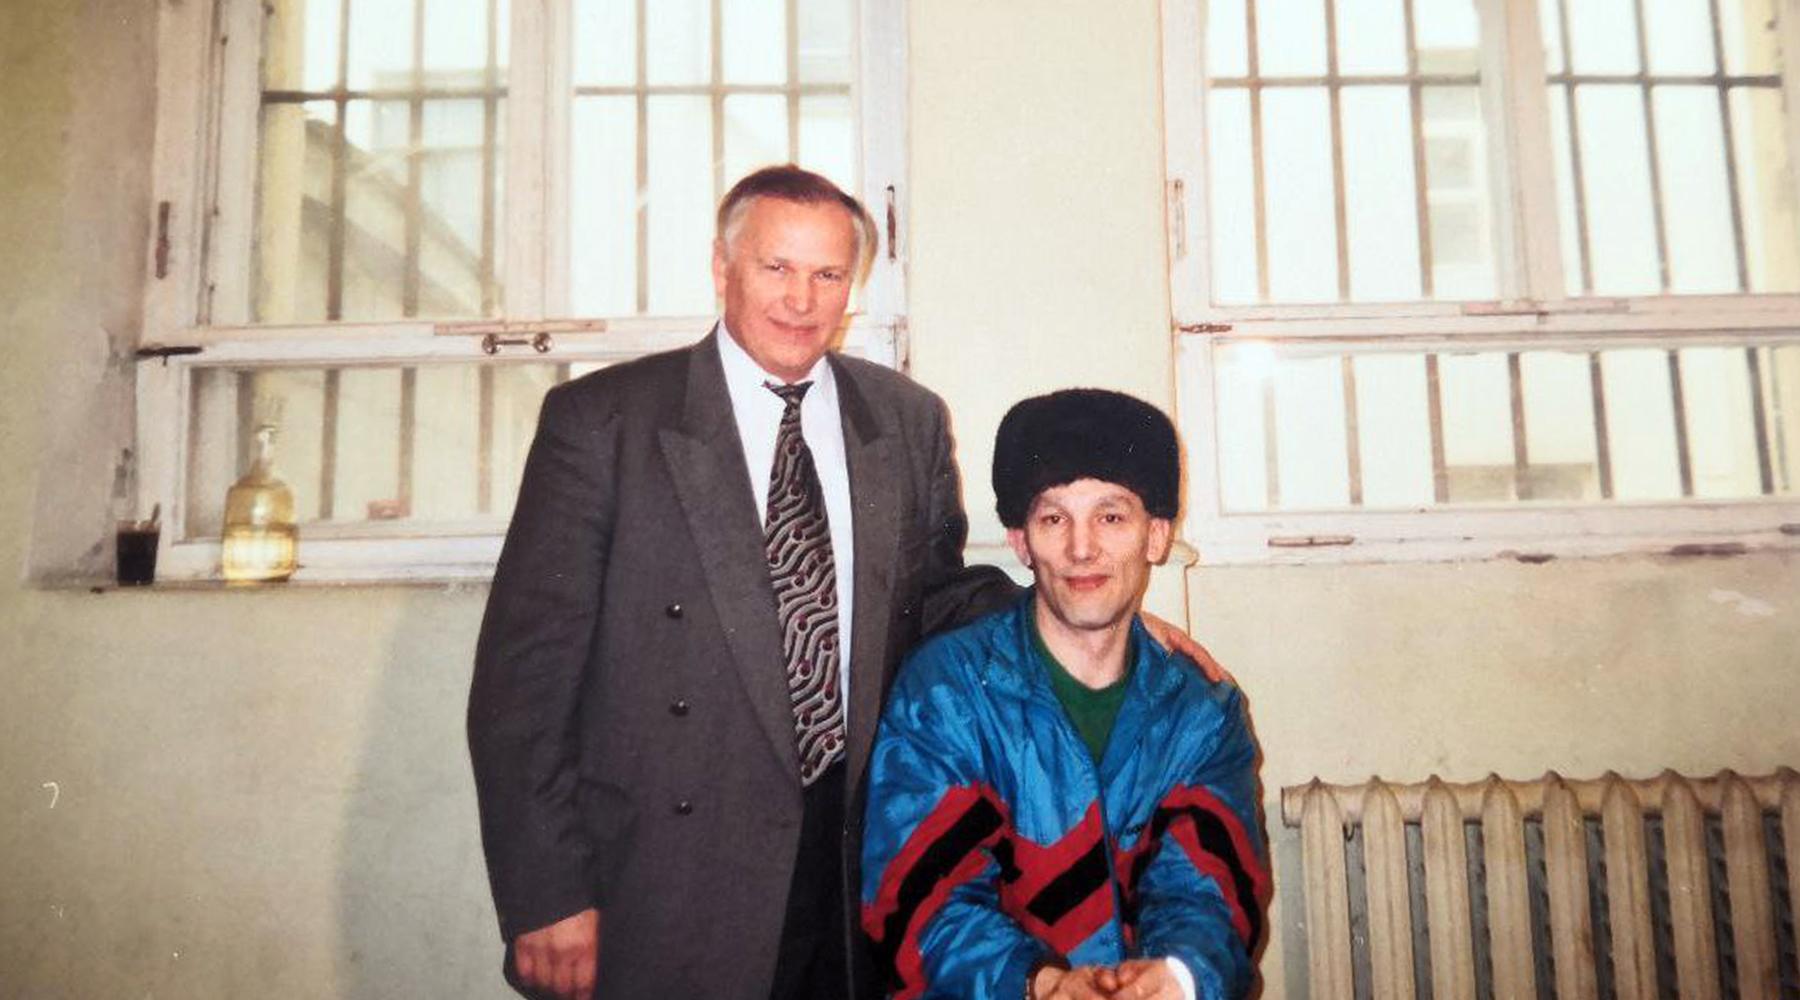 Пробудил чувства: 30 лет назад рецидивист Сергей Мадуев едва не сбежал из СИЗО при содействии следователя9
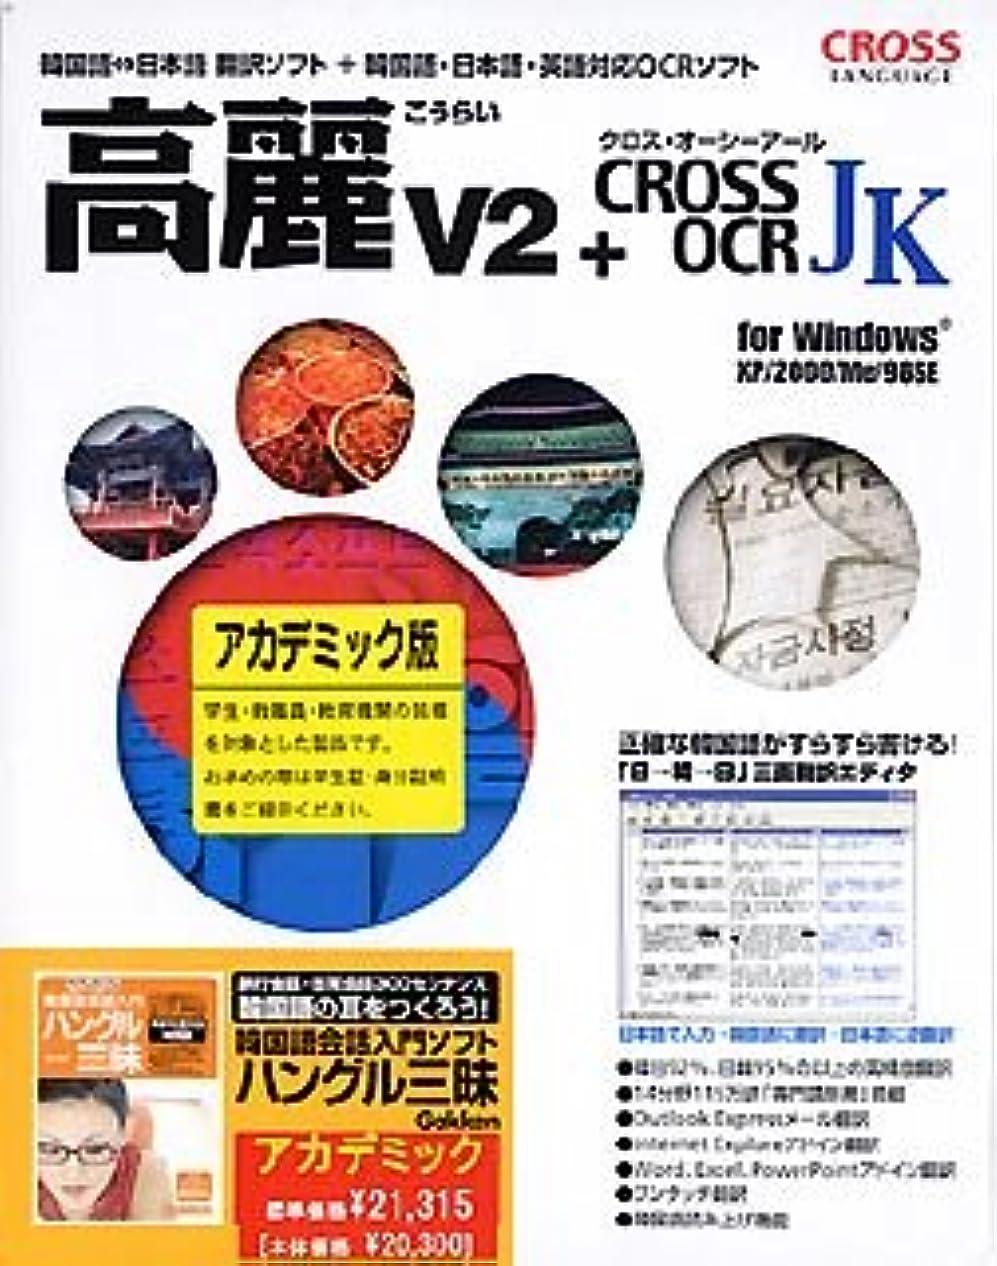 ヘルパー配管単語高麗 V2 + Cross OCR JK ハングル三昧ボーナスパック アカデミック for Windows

---

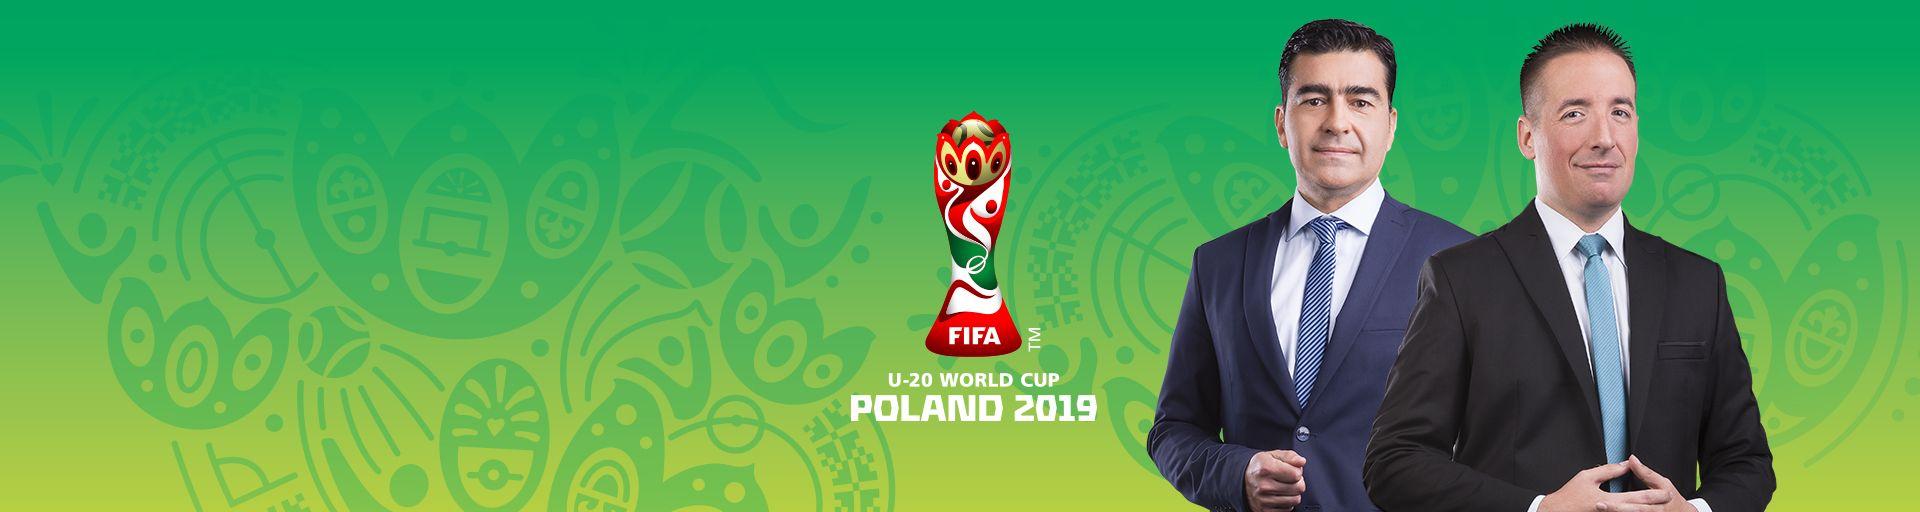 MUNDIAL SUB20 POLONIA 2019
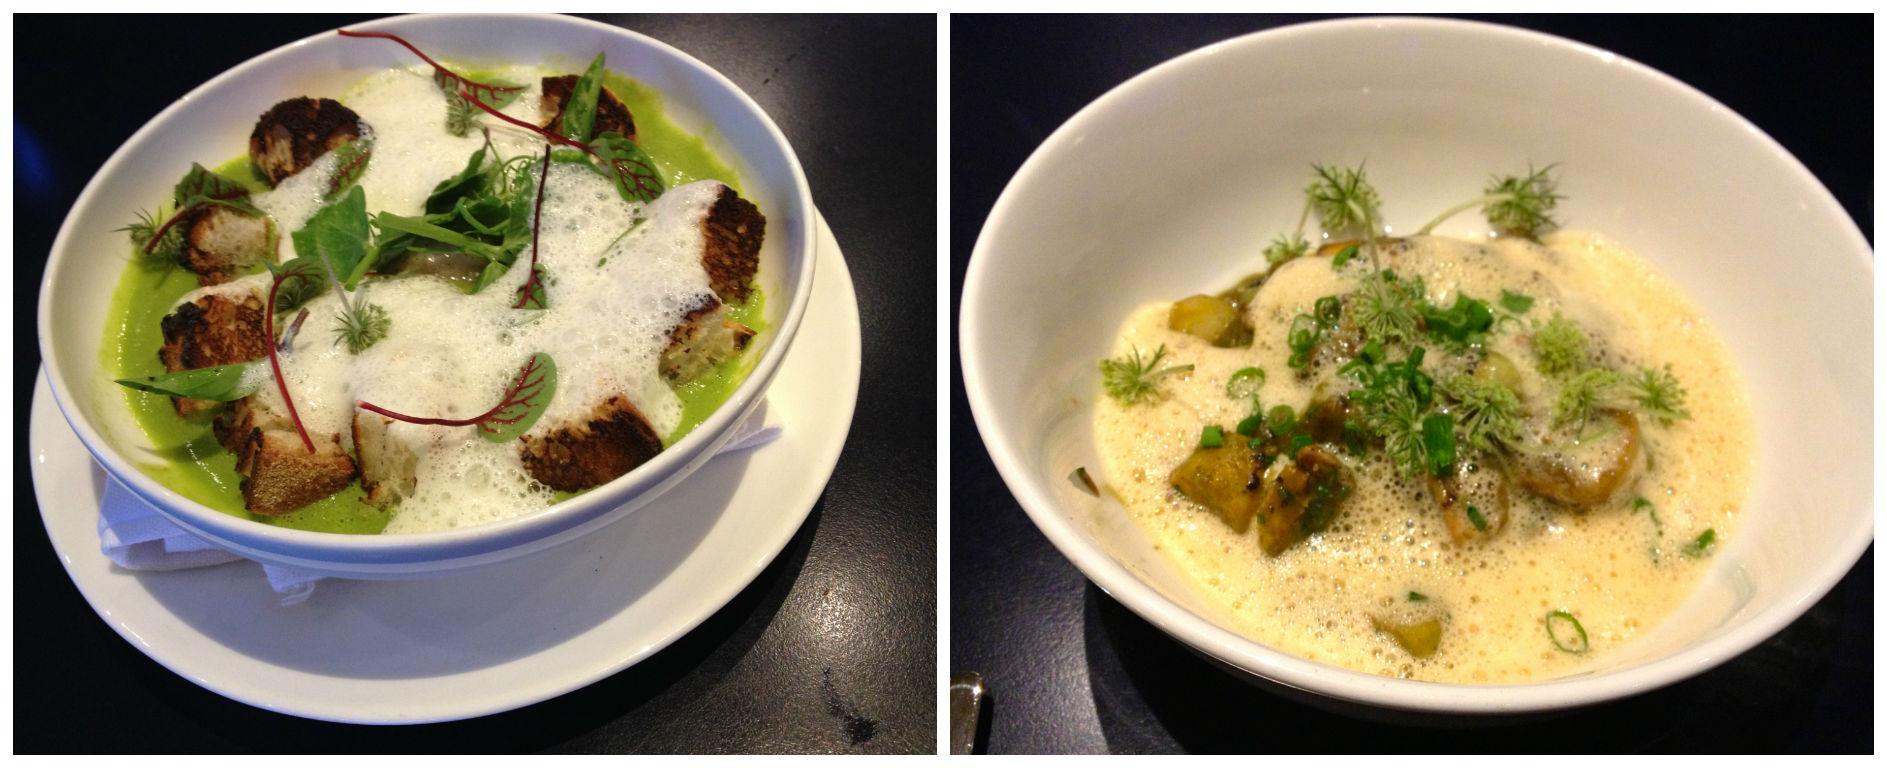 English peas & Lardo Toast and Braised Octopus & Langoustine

---

**What is expected**
Exactly the lines above, from the one containing "MUNDIAL SUB20 POLONIA 2019" down to the one containing "English peas &", are to be repeated, including both ends. Pictures are not part of the copy.

**Task output**
 MUNDIAL SUB20 POLONIA 2019
 English peas & Lardo Toast and Braised Octopus & Langoustine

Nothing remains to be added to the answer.